Production distributed system – pt. 1

A customer came to AikiLinux requesting our assistance in designing and implementing a highly distributed and resilient monitoring system based on Icinga, with a planned scope of monitoring it’s own internal cloud service and for some of the services it provides for it’s external customers.

In the initial step we evaluated the requirements of the cluster and also build a small scale lab for them (master, 2 satellites and a host to monitor), and then set out to understand the network topology and limitations that might impact performance.

The things that we found were “normal” for a large multi continent organisation:

  • remote separated data centres
  • very restrictive IT department
  • ESX resources
    … nothing new or things we haven’t encountered before.

So we set out to design the solution and thought on what components will help us provide a truly redundant system, without relying on any cloud provider service, all done in house.

The Stack we ended up with was fairly simple : MariaDB Galera , HashiCorp Consul, Named for the database, and a standard HA setup for the Icinga itself.

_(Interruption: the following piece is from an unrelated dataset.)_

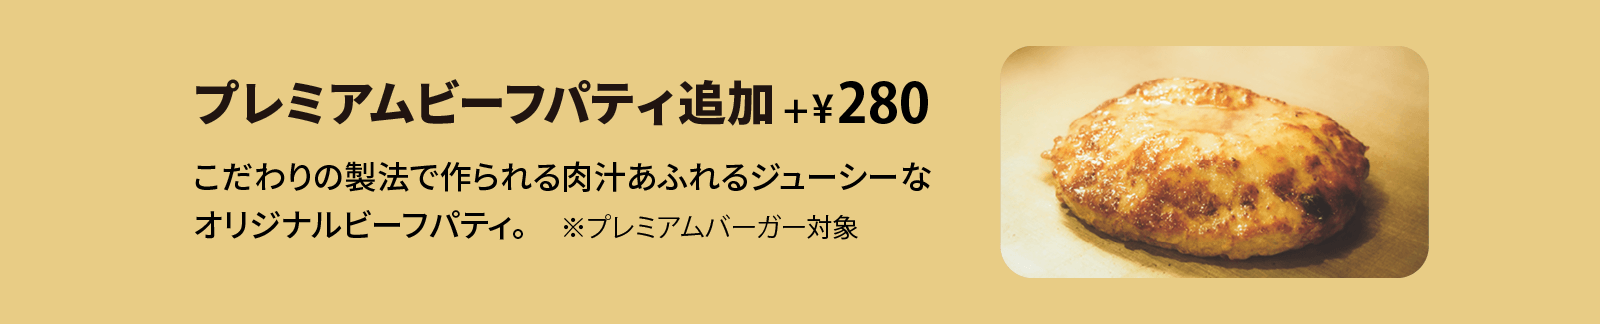 プレミアムビーフパティ追加 +¥280 こだわりの製法で作られる肉汁あふれるジューシーなオリジナルビーフパティ。※プレミアムバーガー対象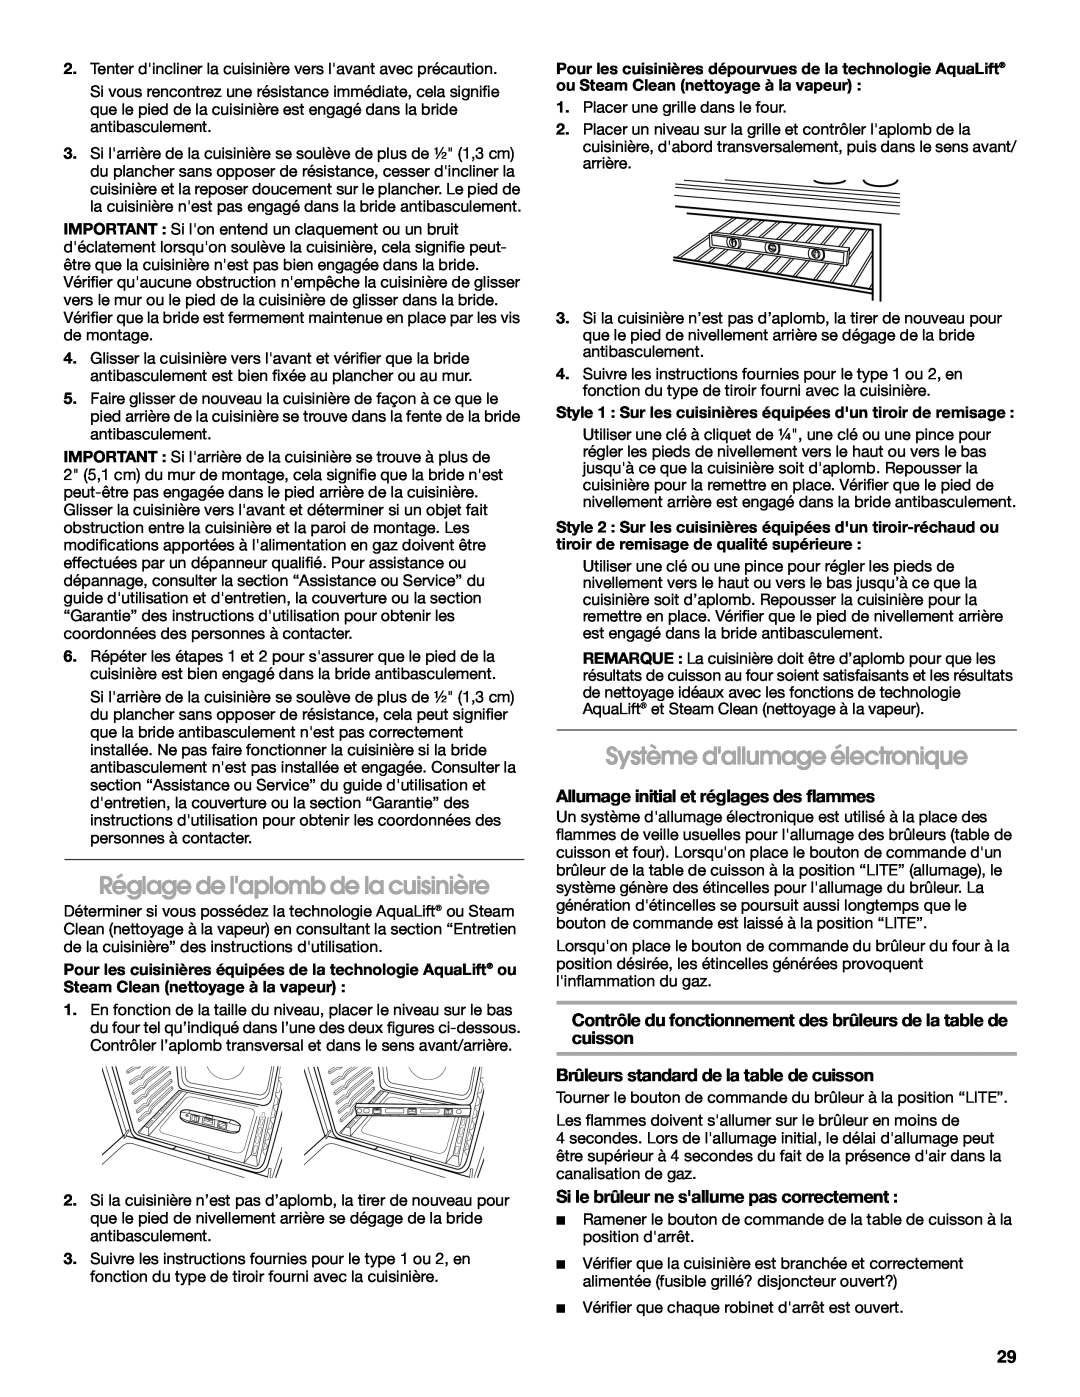 Whirlpool W10553363A installation instructions Réglage de laplomb de la cuisinière, Système dallumage électronique

The first challenge in building this system was ensuring that the Galera cluster was up and running so we modified the  /etc/my.cnf.d/server.cnf

# this is read by the standalone daemon and embedded servers
[server]

# this is only for the mysqld standalone daemon
[mysqld]
log_error=/var/log/mariadb.log
#
# * Galera-related settings
#
[galera]
# Allow server to accept connections on all interfaces.
binlog_format=ROW
default-storage-engine=innodb
innodb_autoinc_lock_mode=2
bind-address=0.0.0.0
wsrep_on=ON
wsrep_provider=/usr/lib64/galera/libgalera_smm.so
wsrep_cluster_address=”gcomm://172.32.6.15,172.31.6.15,172.33.6.15″
innodb_locks_unsafe_for_binlog = 1

## Galera Cluster Configuration
wsrep_cluster_name=”icinga-galera”

and started the nodes….no sync between the master and the nodes.

We tested several solutions, modifying the security policy and the firewall, but in the end the only way to get the cluster up and running was to disable SElinux (mind you, it was after the 3rd firewall that you need to get through to gain access to the server) .

Once the node “saw” each other, we started testing data replication and we saw that 2 nodes replicate data but the 3rd did not.

It turns out that NTP was disabled and the time diff between the servers was more then 1900 seconds, uncomment the ntp records and ensure the sync of the clocks … and now we have replication. YAY!!